Hitchens, recently diagnosed with cancer, remains one of the most intelligent writers of our time. And he really is funny, too. For loyal readers who aren’t from Washington, his piece gives you a flavor of its famous contradictions. Enjoy.
I drove home this evening along the George Washington Parkway which parallels the Potomac River opposite the city’s monumental core. The maple trees have achieved peak Fall color (as we say on the East U.S. coast referring to the change from green to orange/red) and were actually reflected in the River. I had the top down on the car and it was simply beautiful.
Here’s the top ten list from Huffington Post. Note how highly represented the National Capital Area is. Not being on this list and delivering excellent education in the Washington D.C. area: that’s a major competitive advantage for George Mason.

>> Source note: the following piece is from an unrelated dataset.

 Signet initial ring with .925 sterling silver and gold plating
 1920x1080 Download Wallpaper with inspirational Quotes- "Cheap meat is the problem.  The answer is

Krasnow PI, Paul So, is of course multi-talented. And he’s the leading exemplar of at the Institute of a cadre of researchers who are also serious artists. His new art gallery (appropriately named Hamiltonian) will open soon on U. St. NW, one of the most culturally active neighborhoods in the City. Paul was recently featured in the Washington Business Journal for his efforts in the arts field.
But considering Krasnow’s relatively small size, there are a surprisingly large number of PI artists. Layne Kalbfleisch has exhibited her beautiful photographs both at the Institute and around the DC area. Ernest Barreto is a world-champion whistler, who has been featured in a recent film, Pucker Up. And Giorgio Ascoli is pursuing a lab-wide initiative to build sculptures of brain neurons.